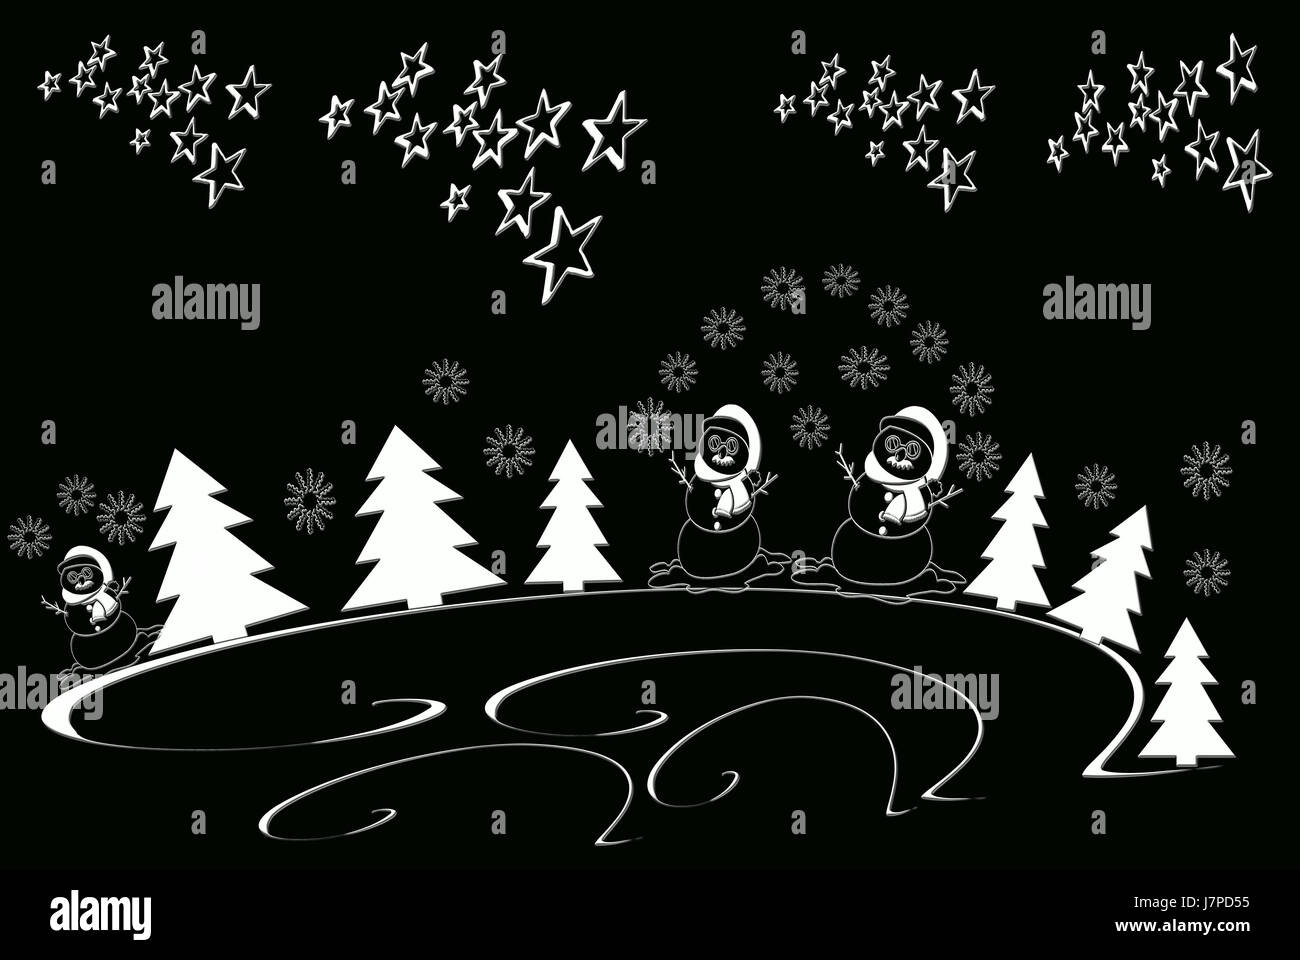 Symbole Weihnachten Karte Weihnachten Weihnachten x-mas schwarze Grafik Advent dunkelhäutigen Stockfoto
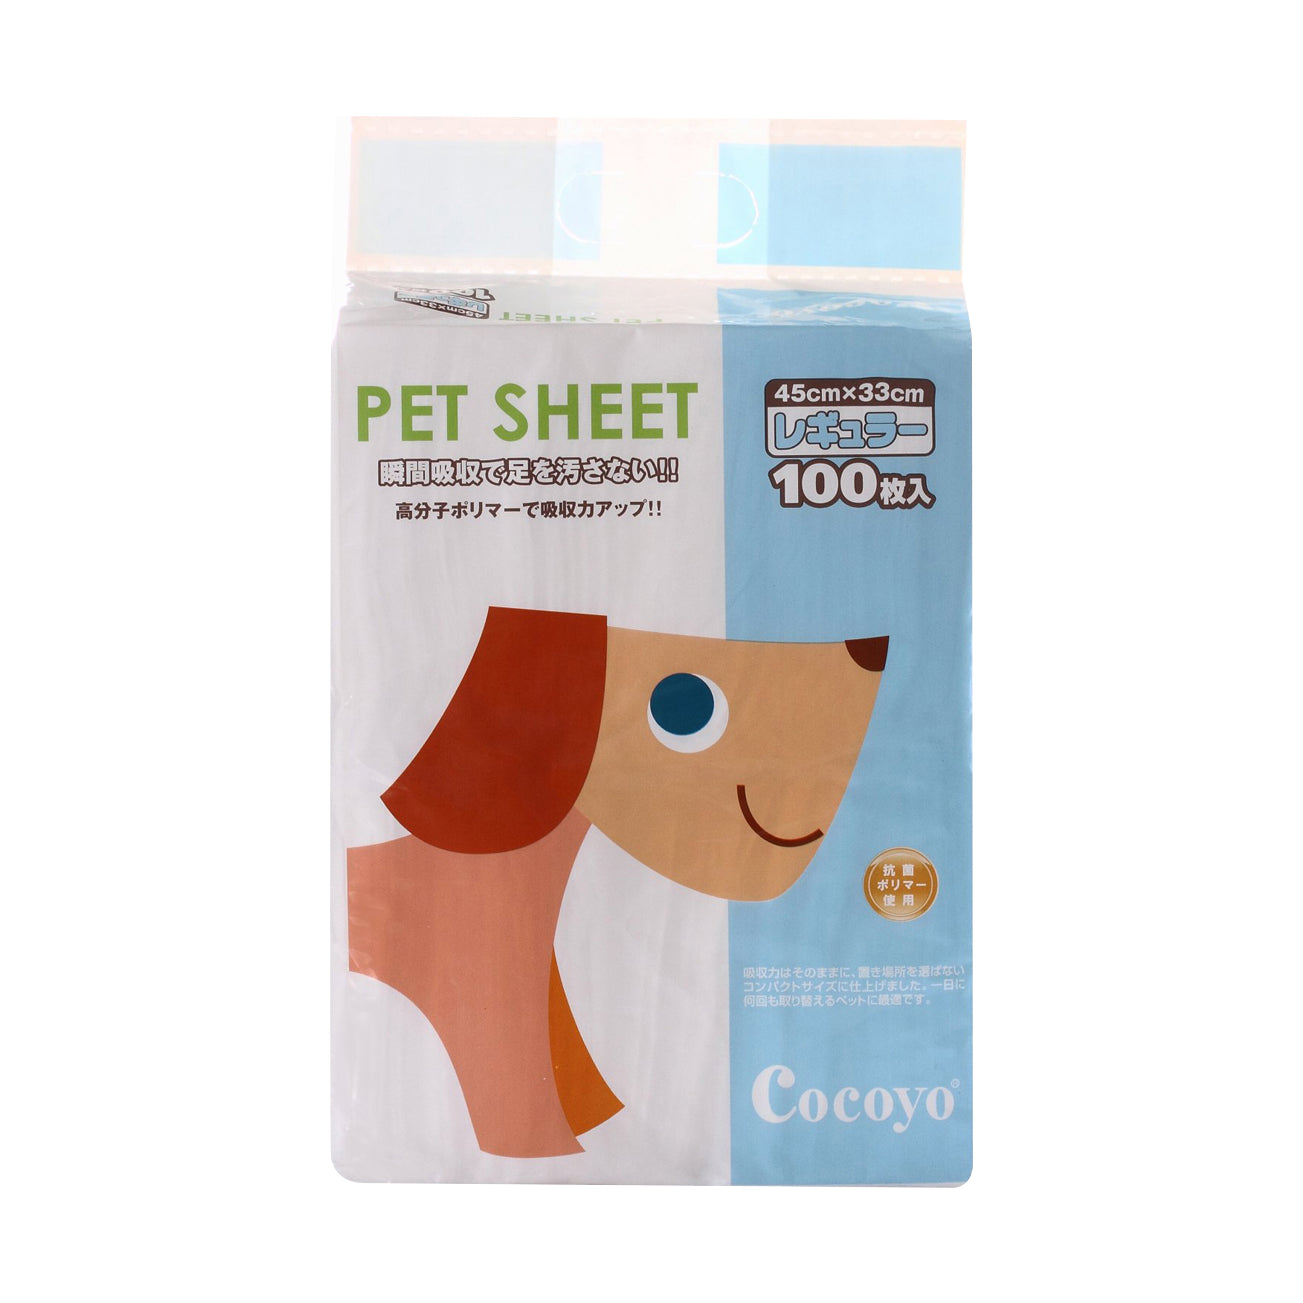 Cocoyo Pet Sheet Pee Pads (3 Sizes)
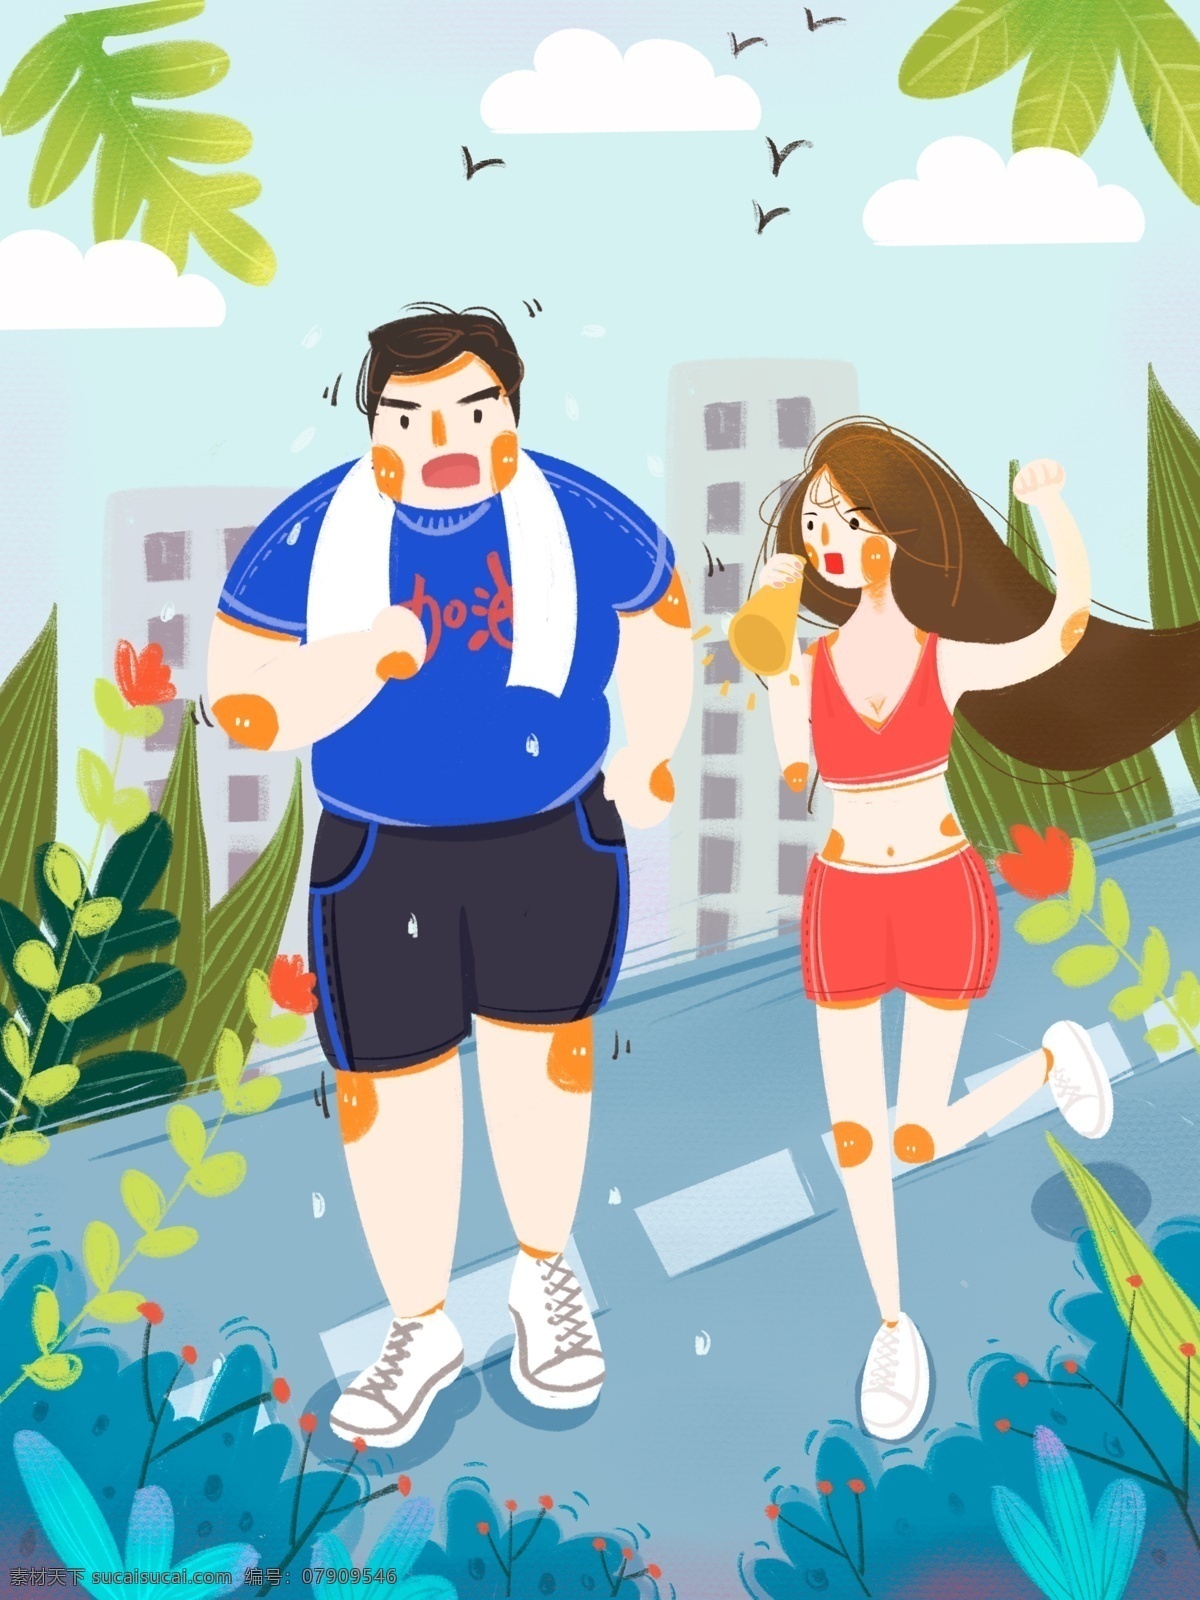 燃烧 卡路里 胖子 公园 跑步 女孩 加油 健身 插画 燃烧卡路里 手绘 扁平风 植物
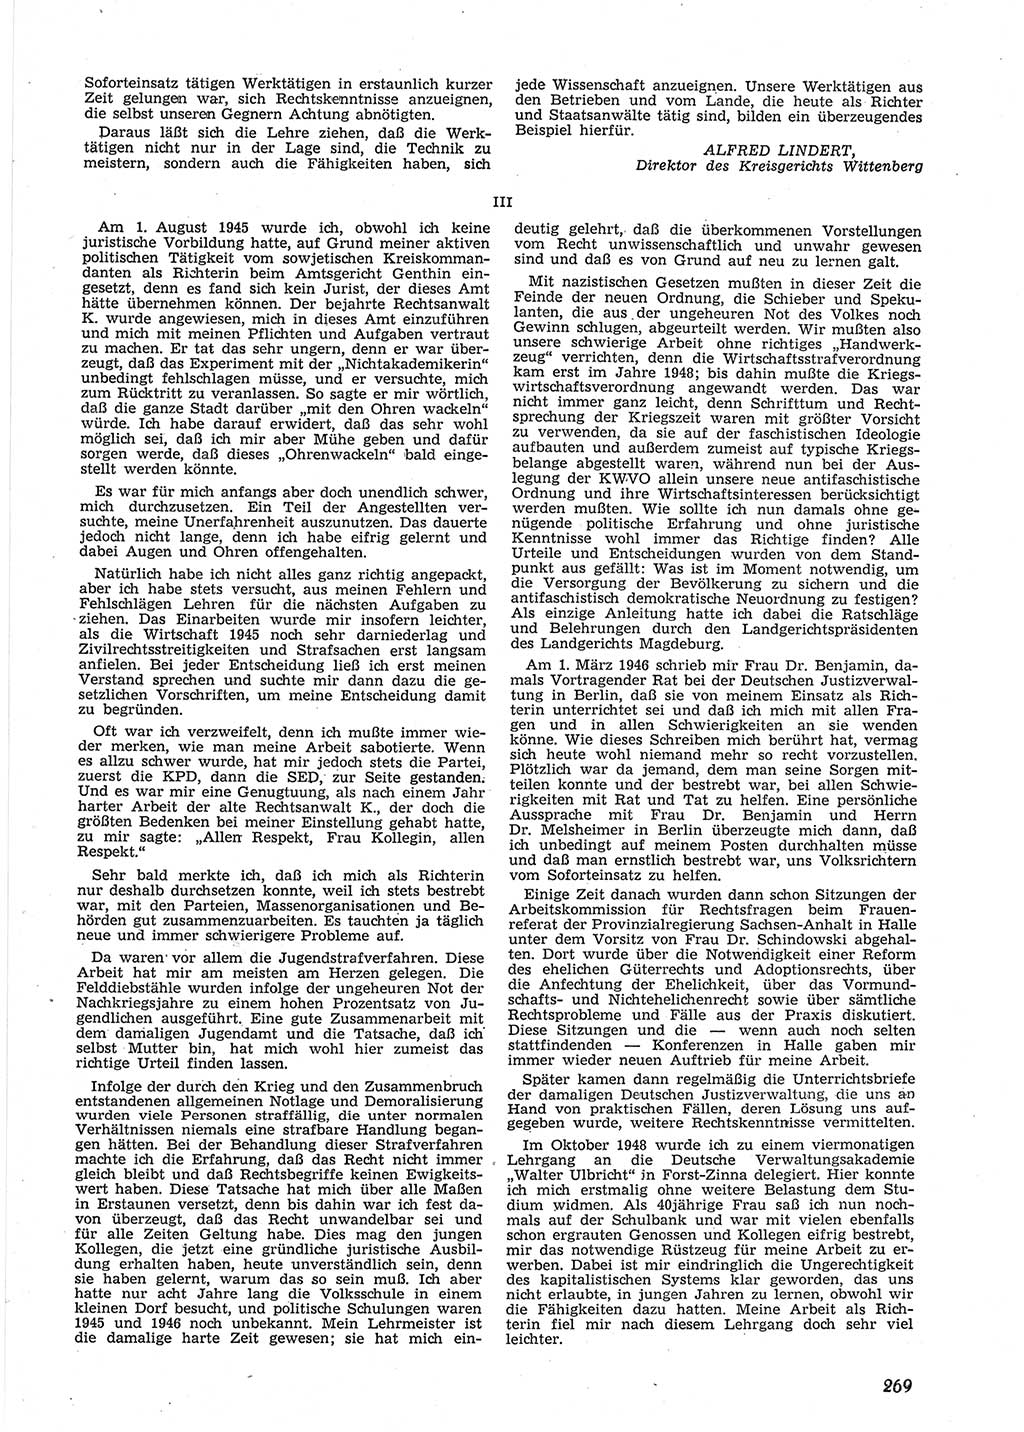 Neue Justiz (NJ), Zeitschrift für Recht und Rechtswissenschaft [Deutsche Demokratische Republik (DDR)], 9. Jahrgang 1955, Seite 269 (NJ DDR 1955, S. 269)
*-*-*
[Exercise]: Copy all of the data word for word, and keep the pictures out of it.

[Reply to the exercise]:
 Symbole Weihnachten Karte Weihnachten Weihnachten x-mas schwarze Grafik Advent dunkelhäutigen Stockfoto
 Cocoyo Pet Sheet Pee Pads (3 Sizes)
 燃烧 卡路里 胖子 公园 跑步 女孩 加油 健身 插画 燃烧卡路里 手绘 扁平风 植物
 Neue Justiz (NJ), Zeitschrift für Recht und Rechtswissenschaft [Deutsche Demokratische Republik (DDR)], 9. Jahrgang 1955, Seite 269 (NJ DDR 1955, S. 269)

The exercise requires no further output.